Per-photo calorie overlay
Each food photo shows its estimated calories and carbs as a thumbnail overlay. Browse your meals at a glance without opening each one.
The Slides Folder
The Slides folder has batch summarization and export features.
Summarize Slides
Captured an entire presentation? Tap the sparkles button in the toolbar to summarize every slide in the folder. AI reads the OCR text from each slide and produces a structured summary with:
- Event Summary — 2-3 sentence overview of the presentation
- Key Topics Covered — organized by logical flow
- Key Takeaways — the important points distilled
- Action Items / Follow-ups — what to do next
- Notable Details — data points, statistics, names, references
You can also summarize just the slides from a single day using the sparkles button on any date header, or select specific slides and summarize only those.
Batch Processing
The summarizer adapts to deck size:
- Up to 30 slides — single AI pass, one credit
- 31-50 slides — single pass with a confirmation prompt
- 50+ slides — automatically split into batches of ~25, each batch summarized separately, then a final synthesis pass merges everything into one unified summary
One AI credit per batch. Progress updates show which batch is being processed.
Summary Output
The finished summary is saved as an image card in your Slides folder, backdated to appear at the top of the relevant date group. The full summary text is stored in the photo's notes — tap the card to read it. You can also copy the summary to your clipboard or share it via the standard share sheet.
Export OCR Text
Copy all extracted text from every slide to your clipboard in one tap. Paste into your notes app, email, or document for reference — no AI credit needed.
Zoom Memory
The camera remembers your zoom level for Slide captures. Set it once for the projector distance and every subsequent slide photo uses the same framing — no re-adjusting between shots.
Event Groups
Toggle the toolbar button to switch from the chronological grid to an event-grouped view. Slides are automatically clustered into conferences and events based on when they were captured — a gap of more than 48 hours starts a new event.

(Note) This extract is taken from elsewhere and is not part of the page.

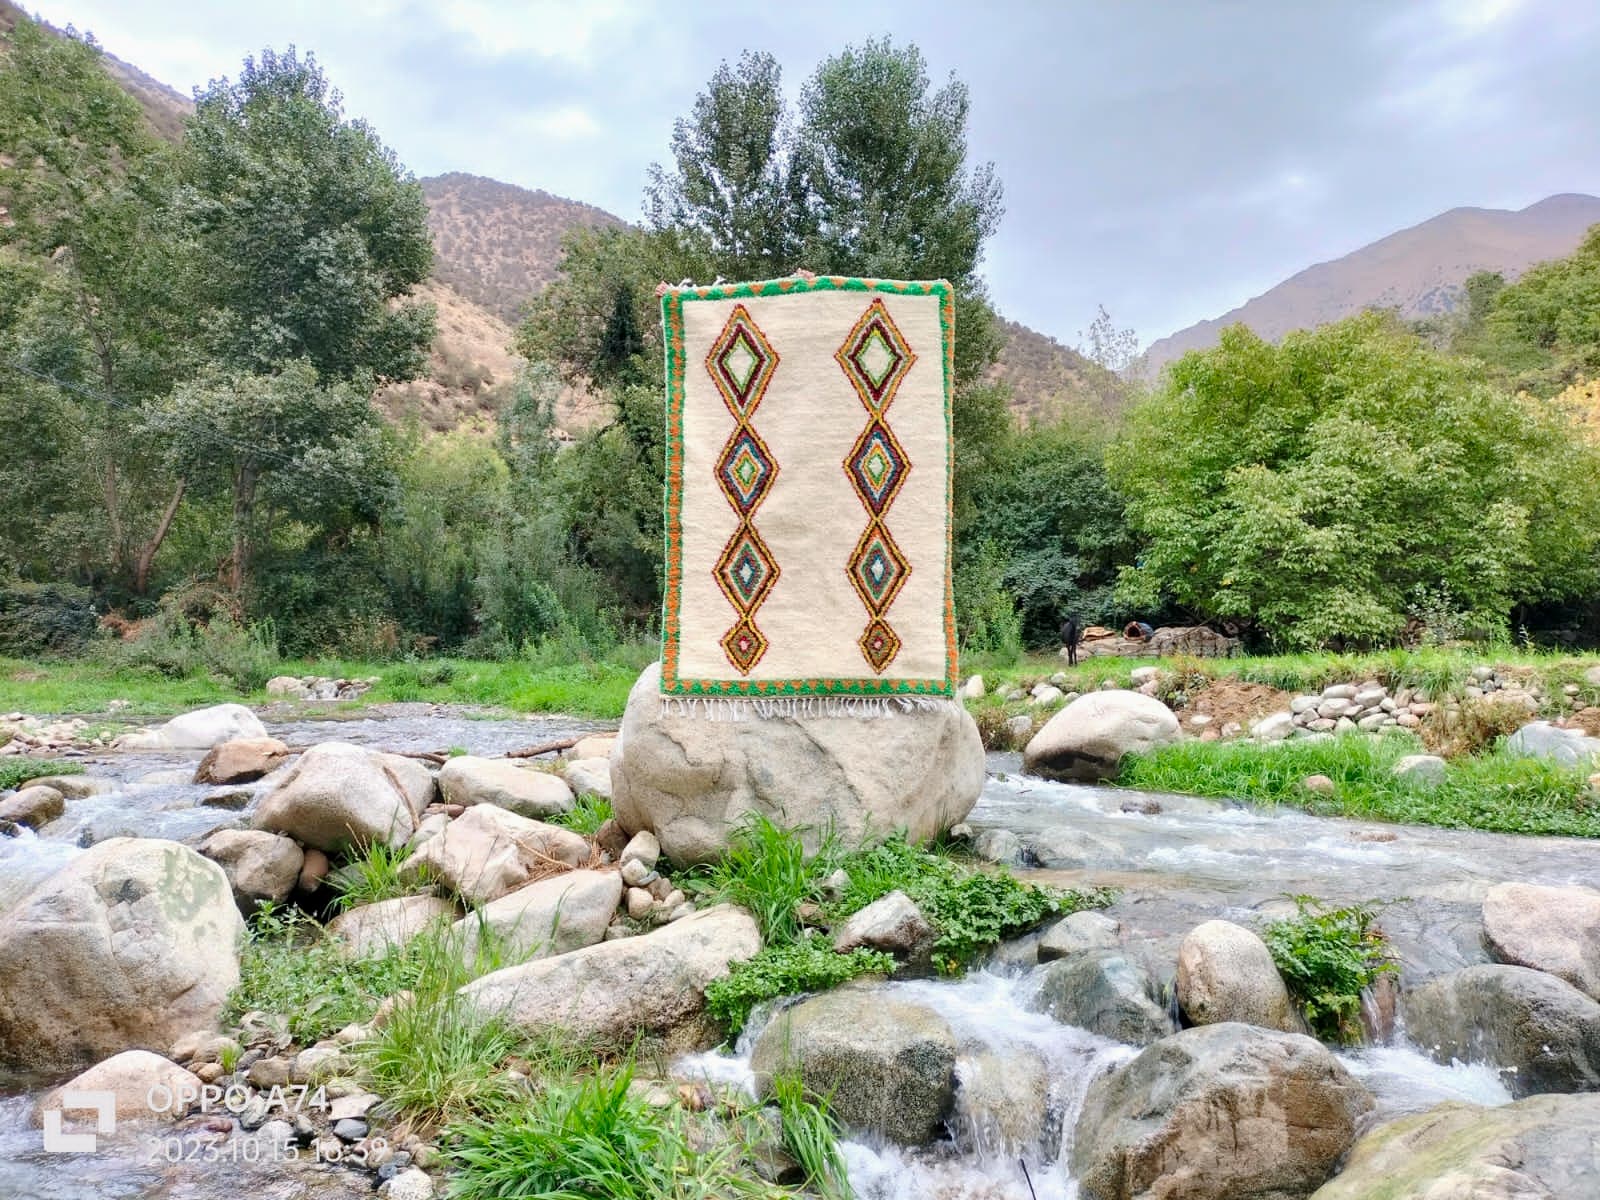  Handmade pileknot rug  Colored Morocco

Each event shows its name (detected from slide text), date range, location, and slide count. Tap to drill into that event's slides, where Summarize and Export OCR work on just that event.
Smart Event Labels
The app recognizes conference names from your slide text — PDA Week, Bioprocessing Summit, MIT programs, and more. When it can't find a conference name, it falls back to the city and date (e.g., "Barcelona, Mar 2026"). No AI credits needed — event detection uses on-device OCR text you already have.
Show Archived
Hide completed items without deleting
Mark any photo as "archived" to remove it from the default folder view. The photo stays in its folder — it's just hidden. Toggle "Show archived photos" at the top of any folder view to see archived items again, or unarchive them to bring them back.
Custom Folders
Create folders in the Files app
Open the Files app, navigate to iCloud Drive, and create a new folder inside the Unmuck directory. It appears automatically in the app. Custom folders work just like built-in ones — you can move photos into them and browse their contents.